[[ Provided material, beginning ]]

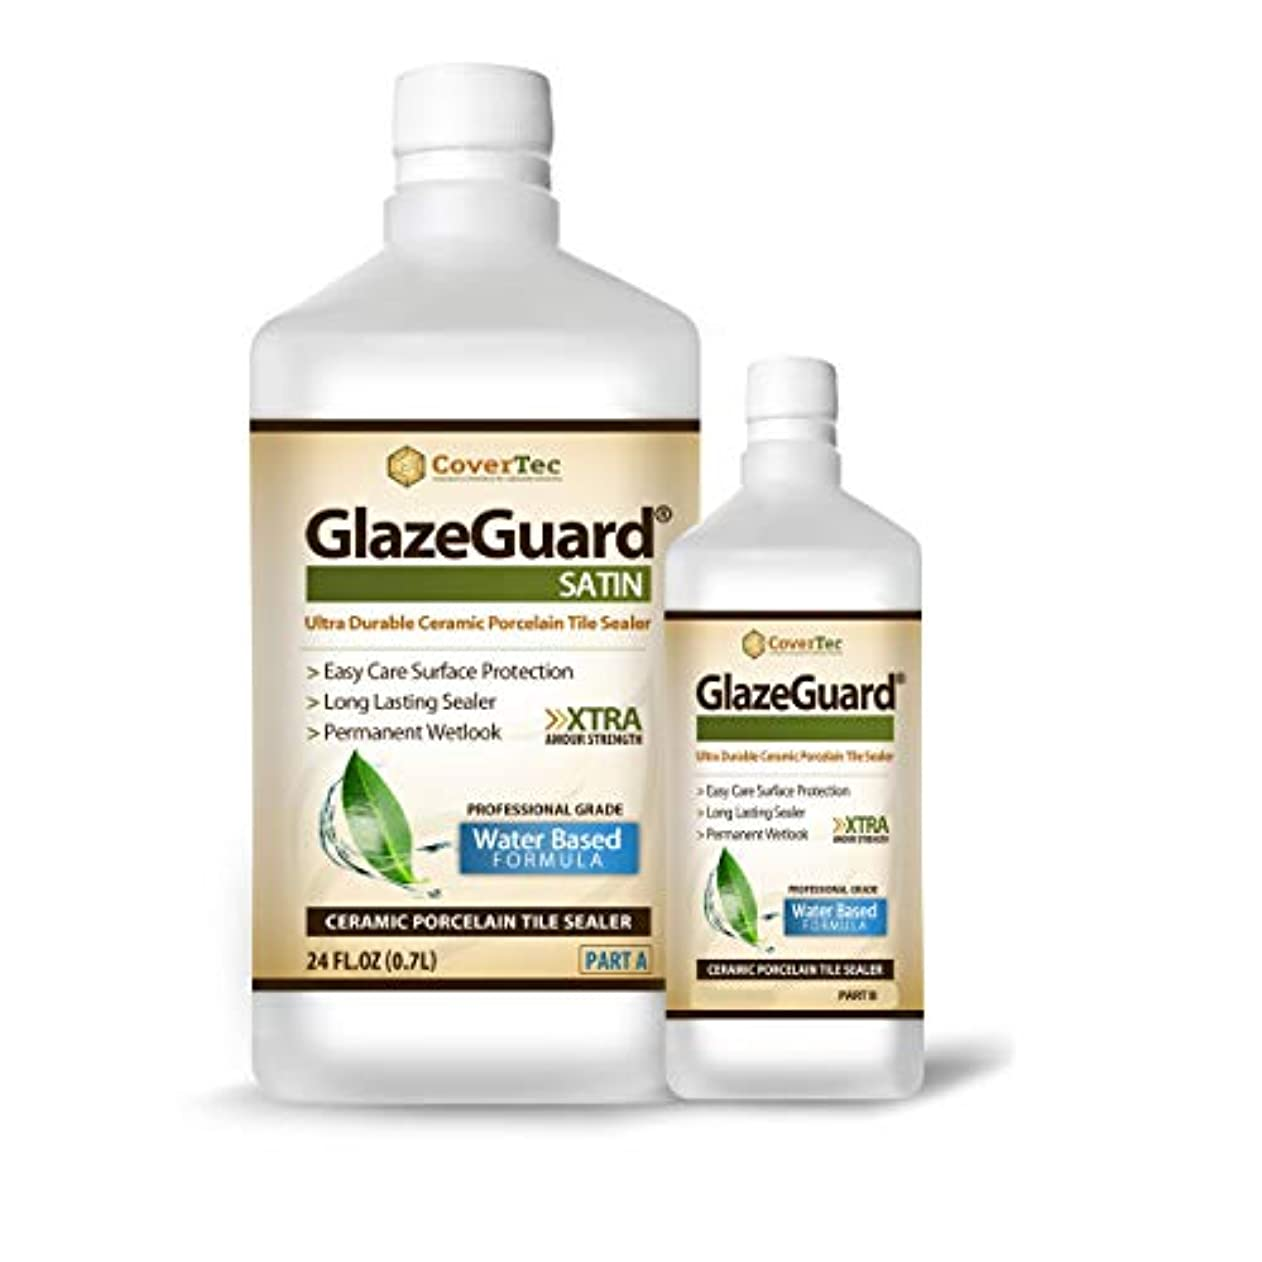 OKSLO Glazeguard satin sealer for ceramic, porcelain, stone tile floor/wall surfaces pyqyzysubms21730
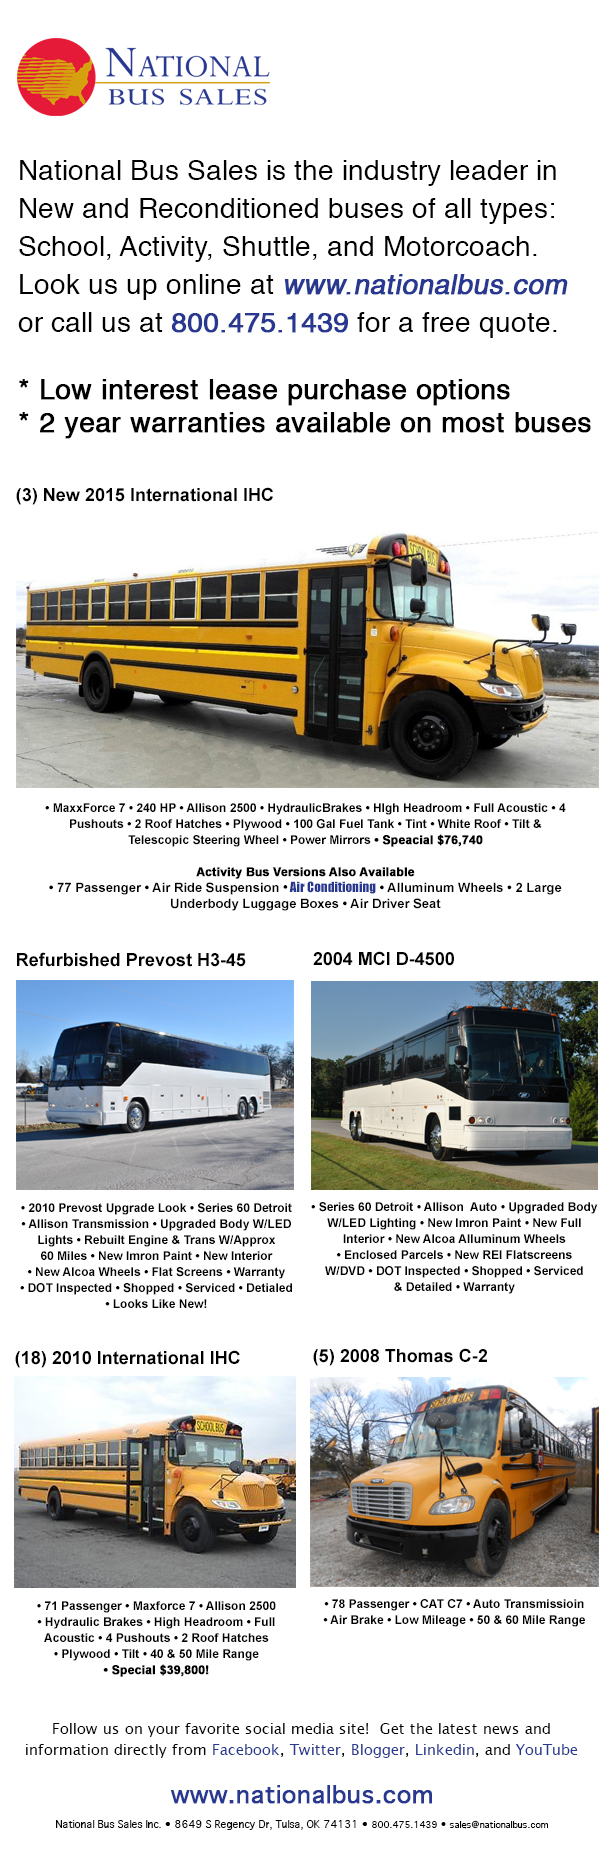 2010 international school bus for sale
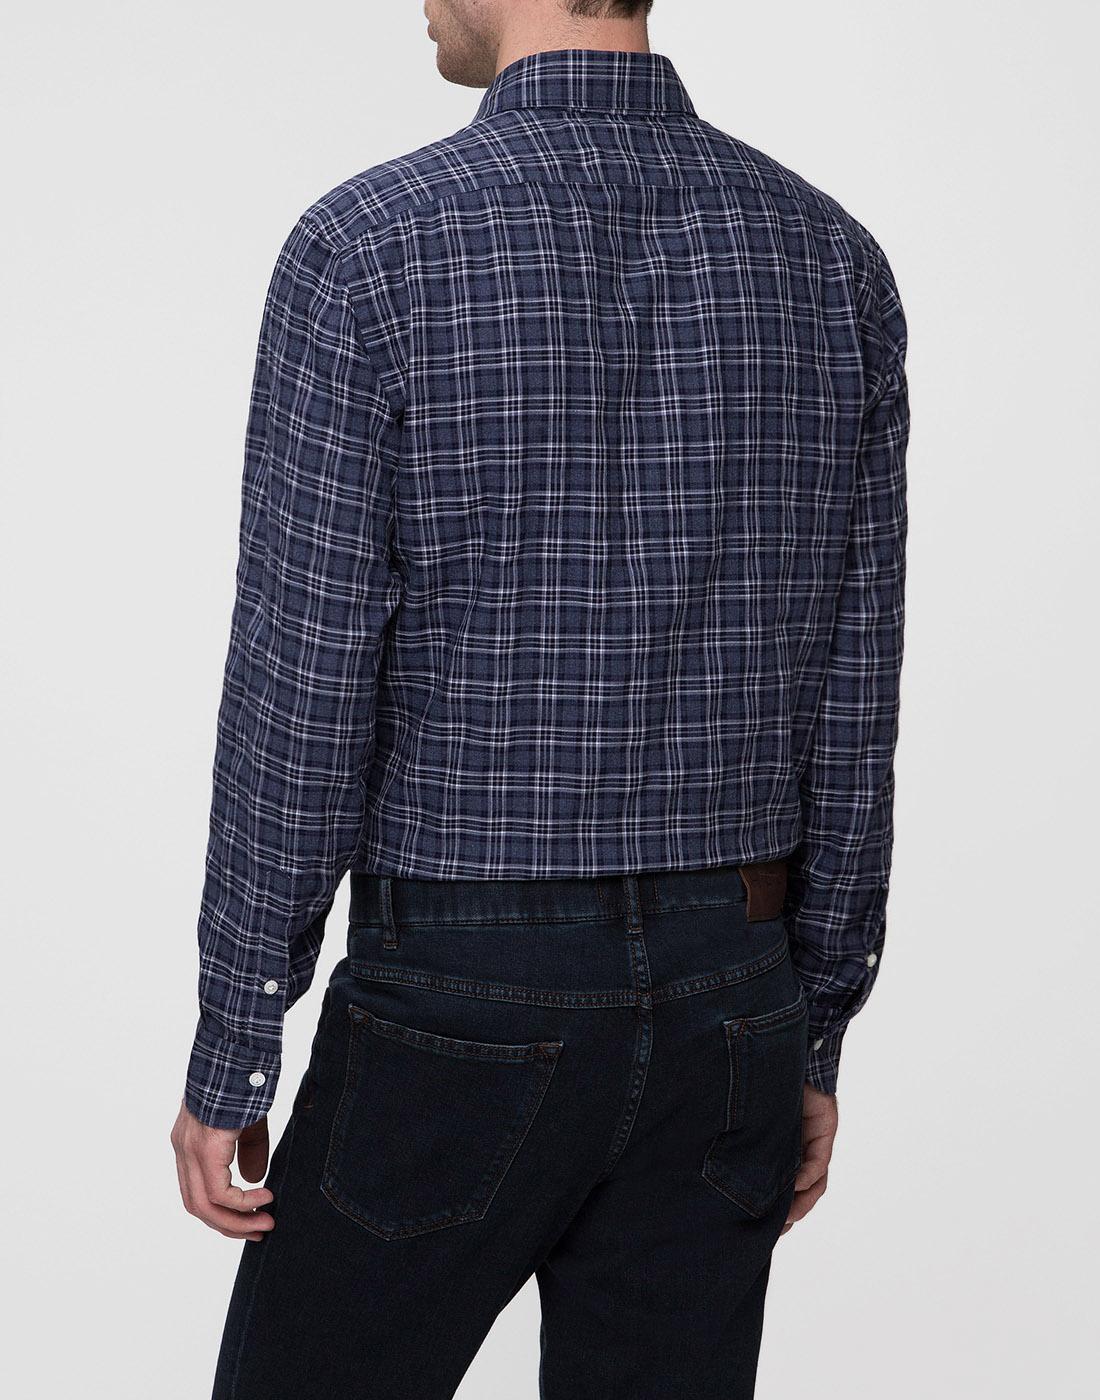 Мужская синяя рубашка в клетку Barba SD2U133603601X-4

[[ Provided material, end ]]

Task to complete.
What you produce must match the listing word for word, with no images in it.

Answer to the problem.
 OKSLO Glazeguard satin sealer for ceramic, porcelain, stone tile floor/wall surfaces pyqyzysubms21730
 2010 international school bus for sale
 Мужская синяя рубашка в клетку Barba SD2U133603601X-4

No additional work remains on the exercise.